In addition, inadequate intake of vitamin C and high levels of parathyroid hormone (PTH) may play important roles in cardiovascular risk, which has been suggested to be associated with MetS [9]. Based on the previous studies, doing regular athletic activities and consuming the antioxidants are among the advised solutions for the MetS [10-12]. Furthermore, antioxidant supplementations especially vitamin C relieve the body of the stress associated with MetS and increase the antioxidant capacity [3]. Moreover, physical exercises on a regular basis promote the health of the individuals and its play a vital role in treating MetS patients [13]. During PA, both skeletal muscle and cardiovascular system being active and PTH are widely expressed [14]. Regarding regular PA controversial studies have been reported [15,16]. Some studies have shown that PA associated with increased serum calcium [16,17] conflict studies also has been reported [18,19] and some author found no changes [20]. The liberty of both PTH and calcitonin is reactive to alteration of free ionized calcium and decreased directly after exercise; whereas that, increased PTH levels after acute PA has been confirmed [21]. Indeed, various studies have shown the contradictory effect of vitamin C on PTH secretion, however some of the investigations showed its beneficial property to lower serum PTH level [22,23]. Vitamin C supplementation is possibly a modality to reduce PTH with less side effects, while several investigations have shown, increasing vitamin C levels by dietary supplementation resulted in reduction of PTH in vitamin C deficient individuals [24,25]. In conclusion, adding PA to vitamin C supplement in MetS patients might be particularly important in regulation of PTH and serum calcium levels and reduce the risk of MetS. Our study was conducted to determine the effects of vitamin C supplementation with and without endurance PA on calcium and PTH levels in MetS patients. To the best of our knowledge, this is the first intervention study, which examined this association among MetS patients.

Methods

Study design and participants

This randomized, double-blind, placebo-controlled clinical trial was performed in the Halabja hospital, Kurdistan region of Iraq. The subjects underwent a 12 weeks treatment program (from 01 March 2016 to 23 May 2016). Based on the suggested formulas of this model, the study participants were recruited on the foundation of developed inclusion/exclusion criteria [26]. One hundred-twenty participants were randomly assigned into four groups: Group A received 500 mg/day vitamin C supplements (Morning time), and not participated in 30 minutes/day of endurance PA (n=30); group B received 500 mg/day vitamin C supplements with 30 minutes/day endurance PA (Either at the morning, 7:30 AM or afternoon, after 3:00 PM) (n=30); group C received one placebo of vitamin C/day without endurance PA (n=30); and group D received one placebo of vitamin C/day with 30 minutes/day endurance PA (n=30). All investigators and participants were blinded to the random assignments. Both vitamin C supplements and placebo were obtained from Osweh manufacture Tehran, Iran and was prepared to feature the same shape, odor and size of the supplements.

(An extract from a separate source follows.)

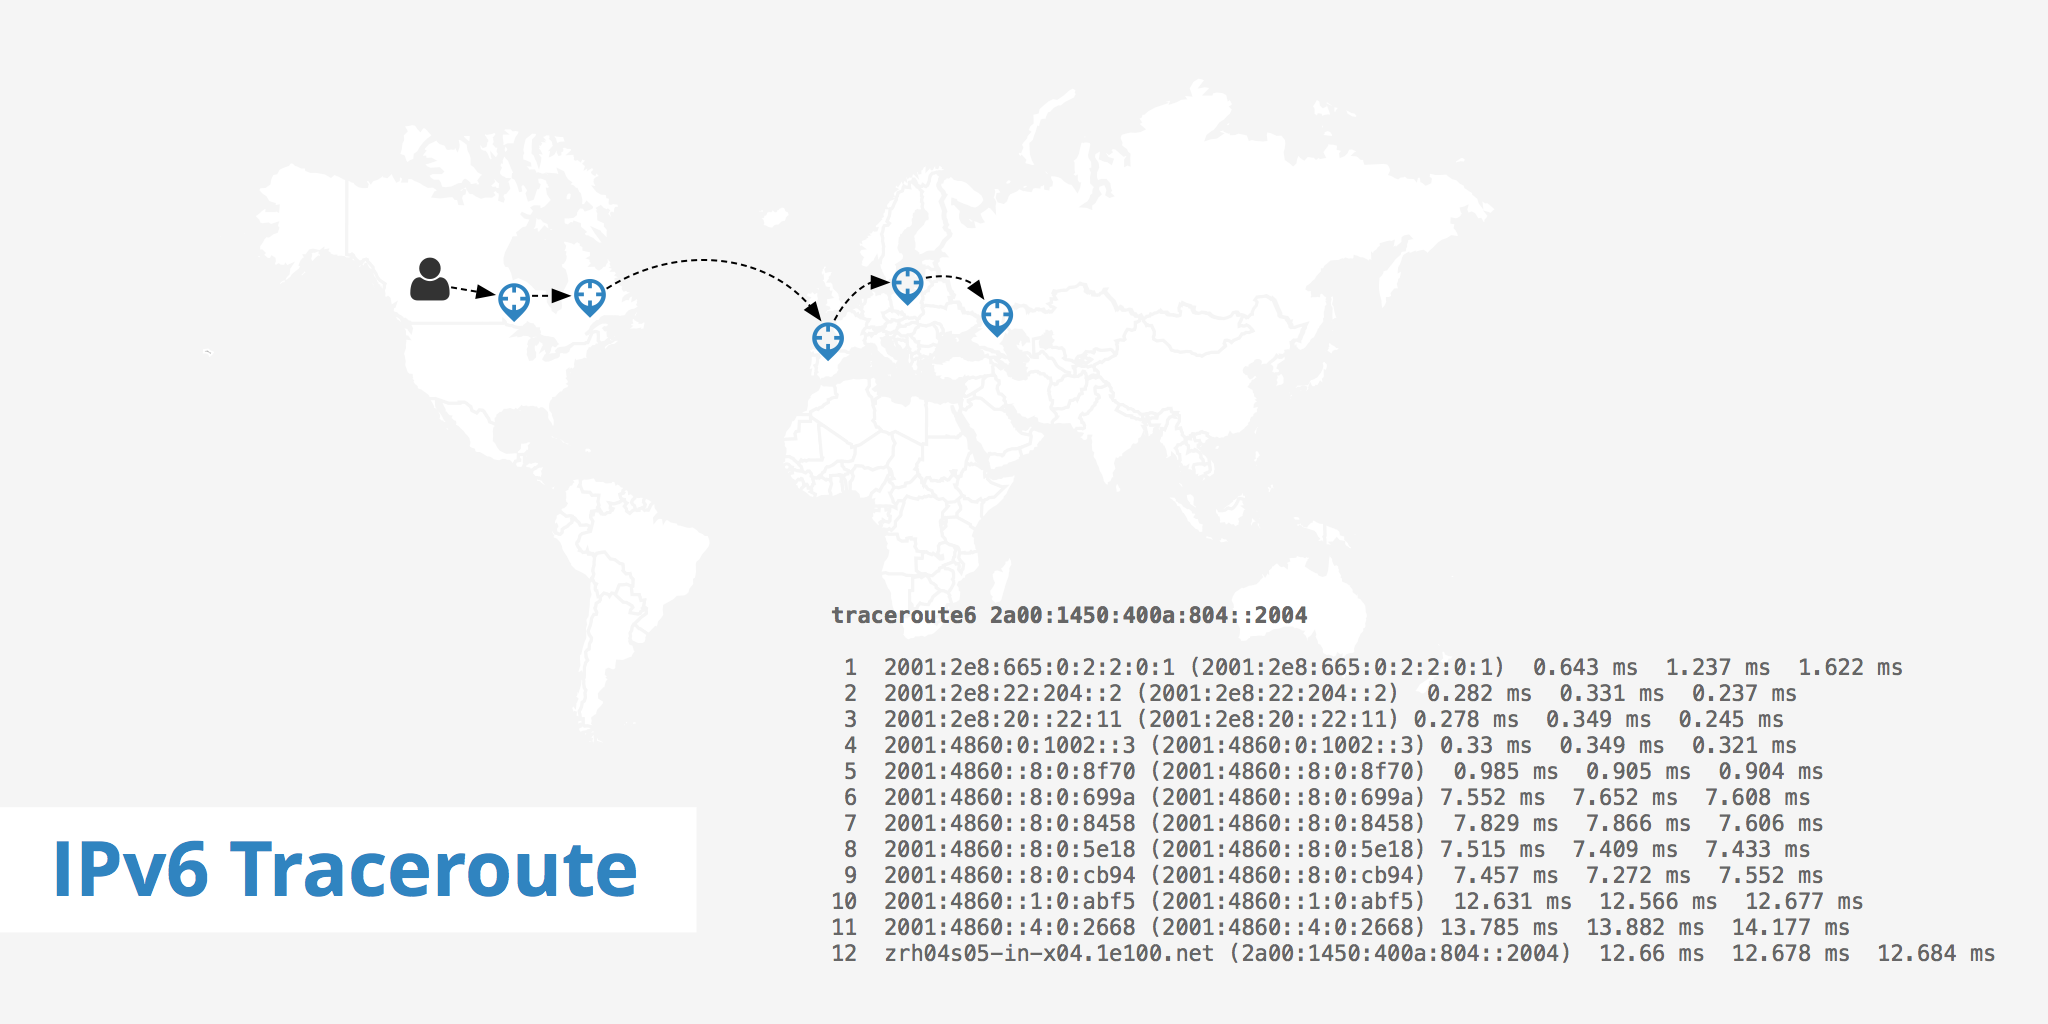 IPv6 Traceroute

Participants were asked to use vitamin C supplements and placebos for 12 weeks. Compliance of study participants with the vitamin C supplements was assessed through quantification of serum vitamin C. To ensure maintenance of their habitual diets throughout the study, all participants provided 3-day dietary recalls (One weekend day and 2 weekdays). Then, we converted the reported portion sizes in the dietary records to grams using household measures. All dietary data were based on the average of three dietary recalls. The grams of food intake data were linked with Nutritionist IV software to derive nutrient intake data. To avoid any confounding effects throughout the study, dietary and PA recommendations were given to all participants at the end of the study.

Sample size and sample determination

The sample size was calculated using a previously described formula for parallel clinical trials “n=2[(z1-α/2+z1-β)2.s2]/d2 [26]. In this formula, n is number of participants in each group. For estimating sample size, we considered type one (α) and type two errors (β) of 0.05 and 0.20 (Power=80%) respectively, and fasting plasma glucose levels as a key variable. Based on a previous study, standard deviation (SD) of plasma glucose levels was 8 mg/dL and the difference in mean (d) was considered to be 5 mg/dL. Where α=0.95, β=20%, study power= 80%, d=5, and SD=8” [26].

We reached the sample size of 21 subjects for each group. To consider probable dropouts, 30 patients were included in each group. Finally, a total of 120 patients with MetS were included in our study. Participants were distributed into four groups as shown in Figure 1.

internal-medicine-public-health-diagram

Figure 1. Participant's flow diagram.

Inclusion and exclusion criteria

Eligibility criteria for participants having MetS, according to the International Diabetes Federation (IDF) criteria [2], is the age between 30 and 50 years, both gender, living in Halabja for at least three years. Individuals who took supplements containing vitamins C in the last three years were not included in this study. “Individuals with type I and type II diabetes who were taking oral hypoglycemic agents or injecting insulin, or any medical therapy affecting the result, individuals with heart failure, and those who are suffering from renal problems, also individuals with malabsorption syndrome, pregnancy and lactating mothers were all excluded from the study. The exclusion list included patients with history of bariatric surgery and those who are currently using weight loss medications. We also did not include those with a high triglyceride (TG) levels (more than 400 mg/dl) and those with high systolic blood pressure (SBP) or diastolic blood pressure (DBP) (>140/90 mmHg)” [3].

Data collection

At study baseline a standardized questionnaire [27], was used to collect subjects’ information. In addition, the demographic and medical history variables was obtained and recorded with an interviewbased questionnaire.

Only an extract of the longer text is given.